Speaking of PC games, I played Deus Ex: Mankind Divided over my vacation. While the mechanical power level bump was fun, It was definitely not a step forward for the series, and probably could have been a Human Revolution DLC. At the steep discount I got it for these problems could be overlooked, but I feel bad for anyone who paid full price for it. Anyway. Like the previous games, the sense of style was fantastic. But here’s where this ties in: There’s a section in the middle of the game where Prague is on lockdown, but you still have to use the subways to get around. So, instead of the loading animation being Adam Jensen on the train, it’s Adam Jensen walking down the unused subway tunnel. In that walking loop (which due to my dogged insistence on not using an SSD I saw quite a lot of), you hear the leather of Adam’s coat flex, and he’s playing with his cyber-hands, with all the servos moving and making noise. Between that and the matte black/carbon fiber weave look of all the cybernetics, it hit me: *this* is what Mike Pondsmith meant by style over substance in Cyberpunk 2020. You may have a plot, you may have all the intrigue, but at the end of the day it is equally important to have a feel, and to know what things look like, sound like, and even smell like.
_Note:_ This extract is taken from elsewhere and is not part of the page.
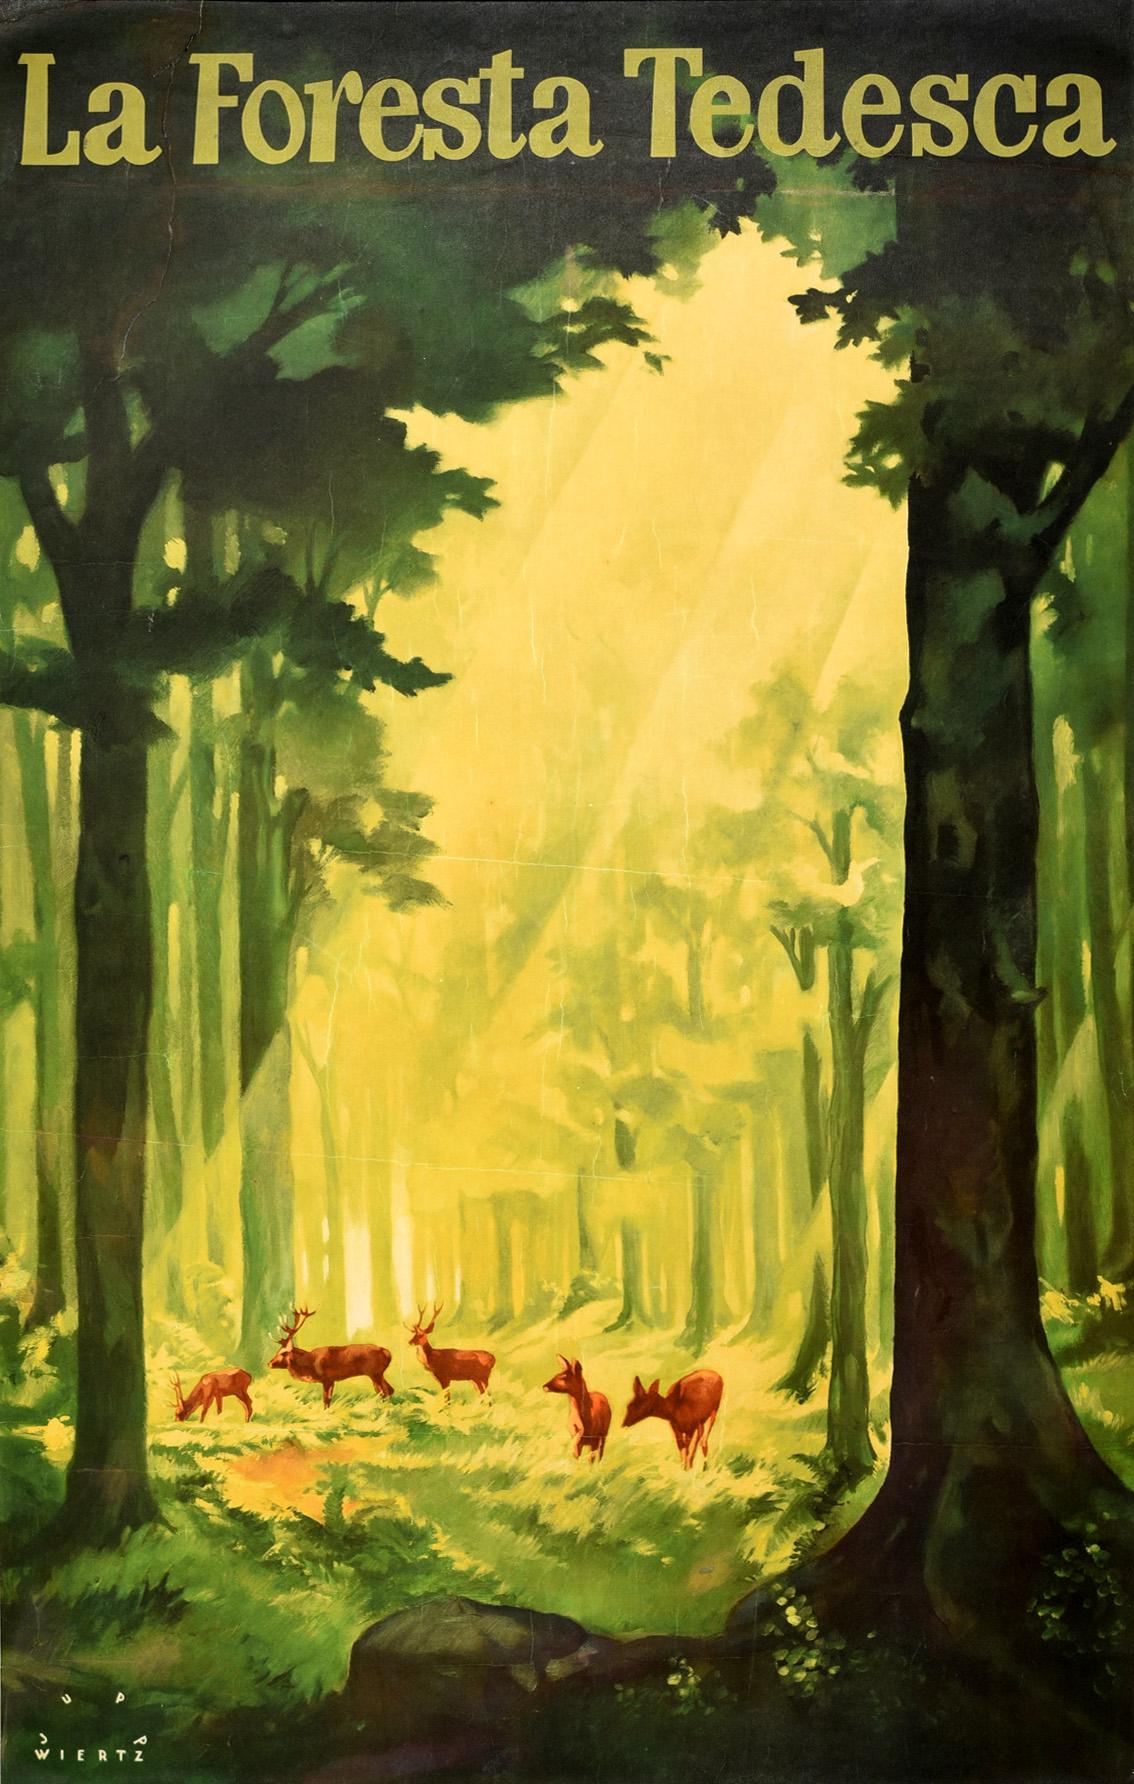 Jupp Wiertz Print - Original Vintage Travel Poster The German Forest La Foresta Tedesca Deer Trees
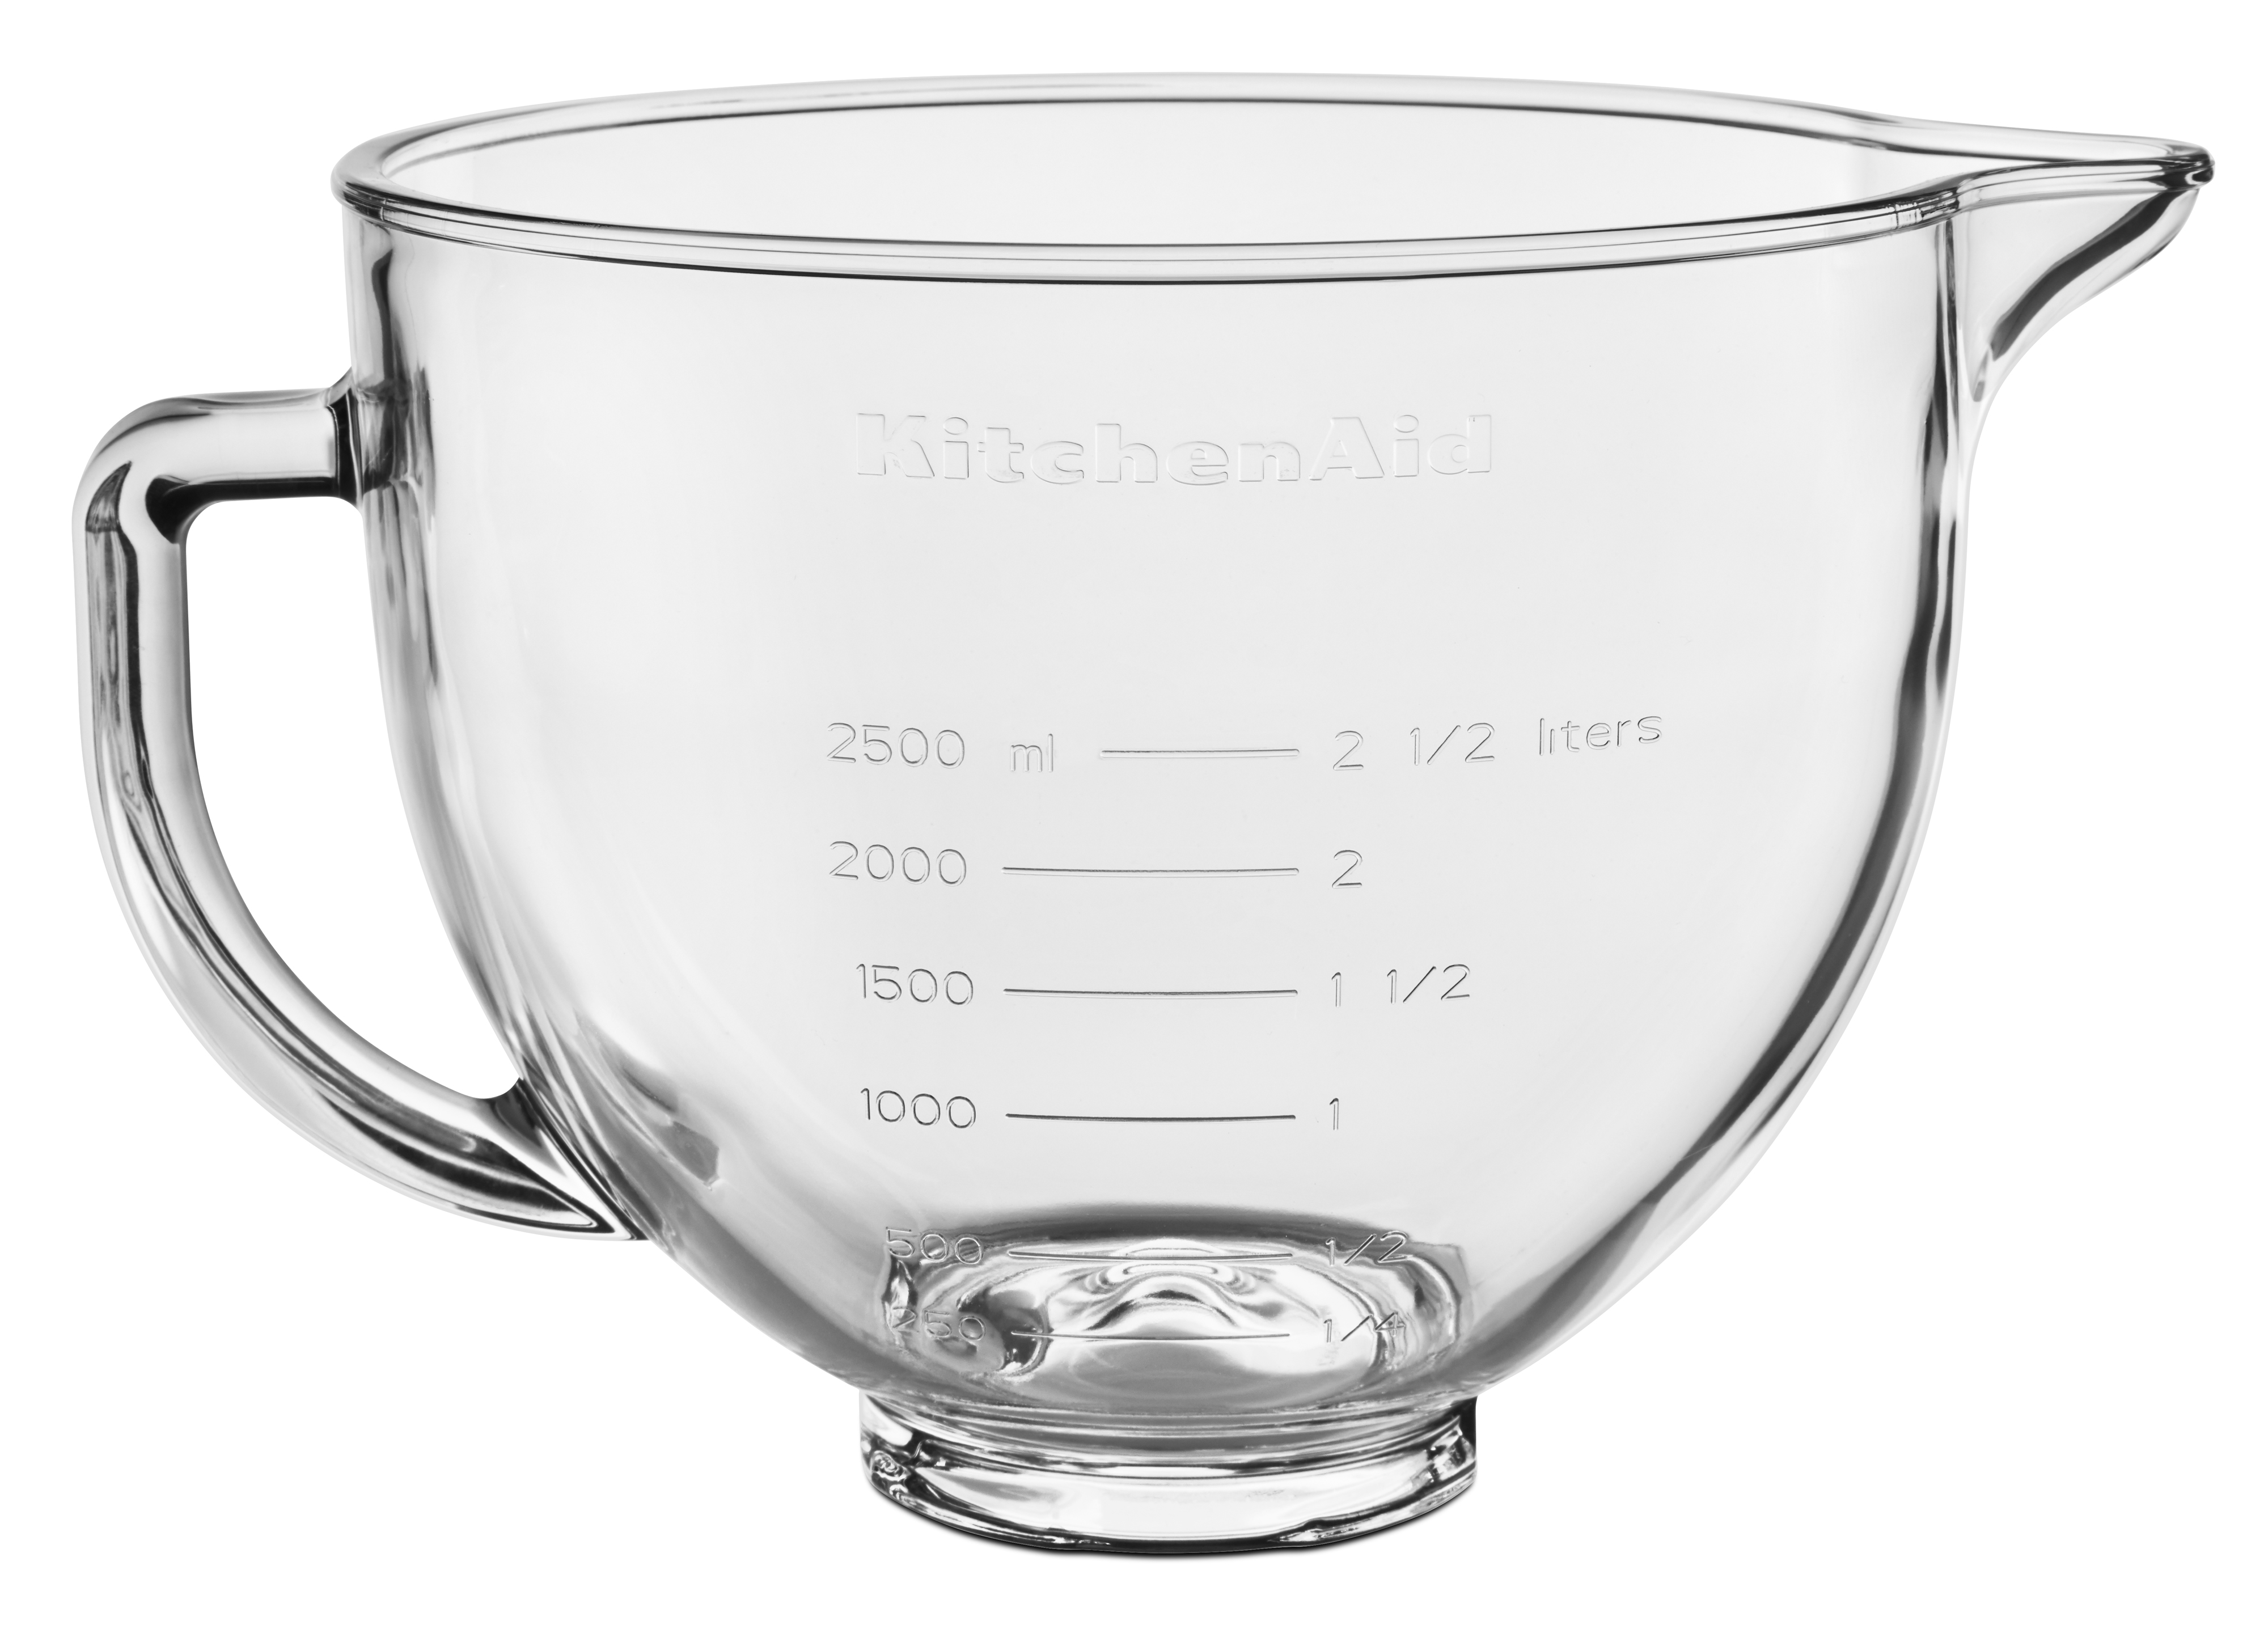 KitchenAid 5 Quart Tilt-Head Glass Bowl with Measurement Markings, Clear, KSM5NLGB - image 2 of 5

So now, having some solid visions for what my new dark future looks like, I’ve gotten really excited to run The Sprawl again. Which is good, because I am still running that next, no matter what my ADD tells me.

I don’t know when I’m at bat again for running The Sprawl, but I hope it’s soon. Regardless of the timing, my plan is to write about it in depth…just not here. Seamus has used the Adventure Log format to write about his in-person game “Living on Borrowed Time”, and I plan to adopt the format for my campaign, using the dramatic nature of PbtA to keep the writing exciting. I’ll also keep an Obsidian Portal page up; my experience with Apocalypse World has helped me keep good habits for using Obsidian Portal’s tools, and tying it in with the blog posts should get some synergistic traffic to both sites. Hopefully in a few months I’ll be ready to go, but in the meanwhile I’ll have to see if I can get the in-person group wrangled for some Victoriana.